Meanwhile, the rest of the country — having heard of the damaging North Carolina coal ash spill this month — must be wondering why the federal government has yet to move against a serious pollution problem it has known about for years.
One answer is the political power of the utilities. In North Carolina, a coalition of environmental groups, led by the Southern Environmental Law Center, tried three times over the past year to sue Duke Energy in federal court for violating the Clean Water Act, only to be pre-empted by the state regulatory agency, which asserted its authority to protect the public through enforcement actions in state courts. Once in control of the litigation, the state regulators quickly proposed a sweetheart settlement of suits against two Duke Energy plants. It would have imposed total fines and costs of about $99,000, a pittance for a company with operating revenues of $19.6 billion in 2012, plus a cleanup plan riddled with loopholes.
Critics blamed the new Republican governor, Pat McCrory, who had worked at Duke Energy for 29 years, and the businessman he appointed to head the environmental department, John Skvarla. Federal prosecutors have opened a criminal investigation into the Dan River spill and issued subpoenas for the records of Duke Energy and the environmental department.

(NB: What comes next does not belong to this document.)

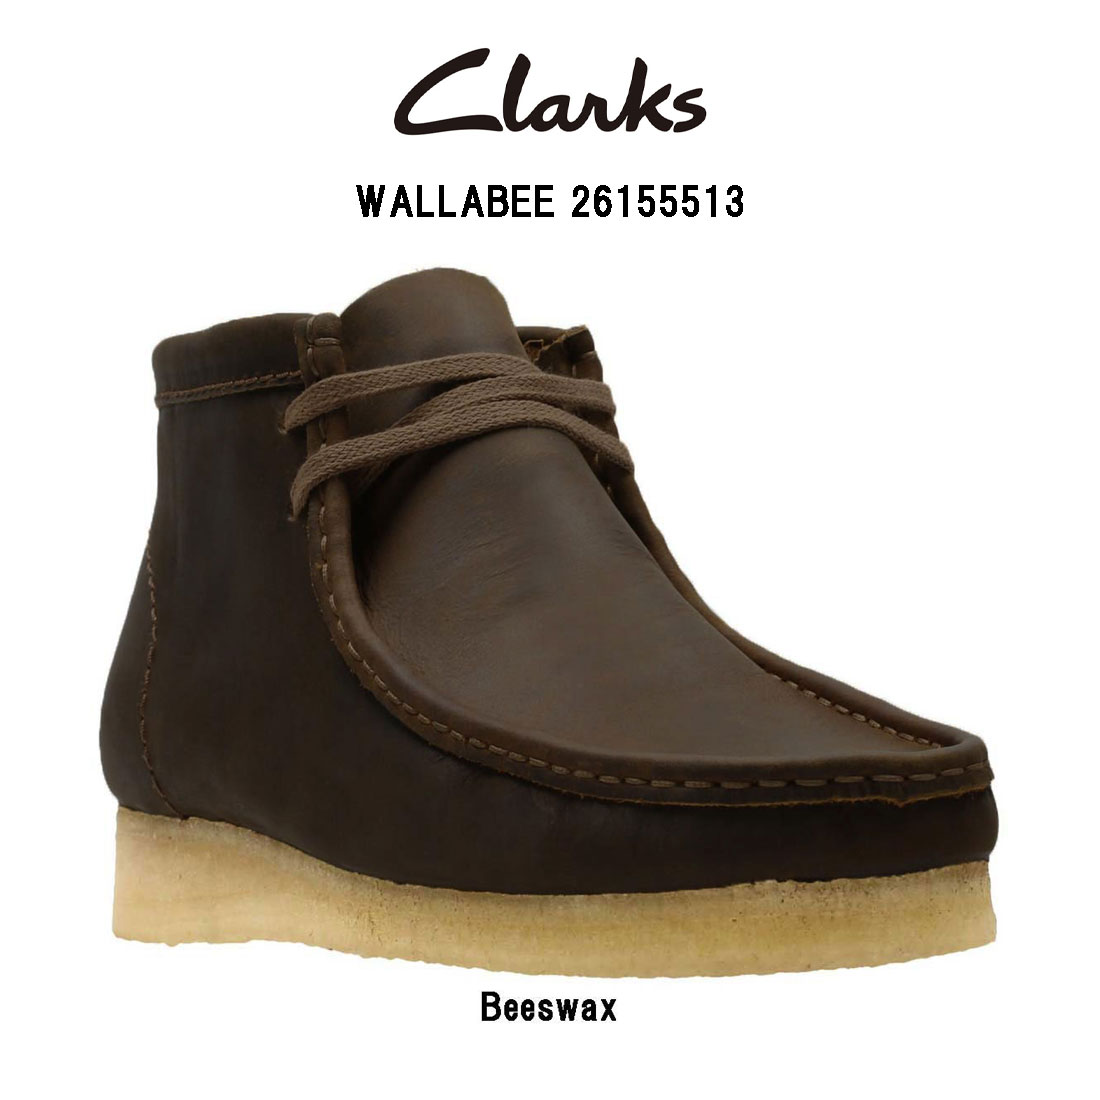 CLARKS(クラークス)メンズ ワラビー ブーツ レザー クレープソール スタンダード シューズ カジュアル WALLABEE 26155513

The third suit was still pending when coal ash spilled on Feb. 2 into the Dan River, near the Virginia border, through a ruptured pipe at another Duke Energy plant that is no longer in use. The state’s Department of Health and Human Services has warned people not to have contact with the water or sediment downstream and not to eat fish or shellfish from that area.
On Feb. 9, The Associated Press revealed that lenient state regulators had maneuvered to block the environmental groups. The environment agency, embarrassed by the spill and the revelations, immediately asked the state judge to hold its proposed settlement in abeyance while it conducted a comprehensive review of all coal ash facilities in the state. We can only hope that this is a genuine attempt to solve the problem and not a stalling tactic. Meanwhile, Duke Energy has apologized for the big leak and pledged to make things right, but it has not committed to moving the waste to safer locations.
This tawdry tale illustrates the urgent need for strong national standards for coal ash disposal, dramatized by a huge spill at a Tennessee Valley Authority facility in 2008. The federal Environmental Protection Agency proposed alternative rules in 2010. One would declare coal ash a special type of hazardous waste and give the agency authority to regulate it. The other would declare it nonhazardous and leave enforcement up to the states. The weaker option does not address “legacy” ponds that are no longer accepting new waste, like the Dan River site.
The recent events in North Carolina provide ample evidence that the E.P.A., which has belatedly agreed to issue a final rule by Dec. 19, should declare coal ash a form of hazardous waste and regulate it stringently.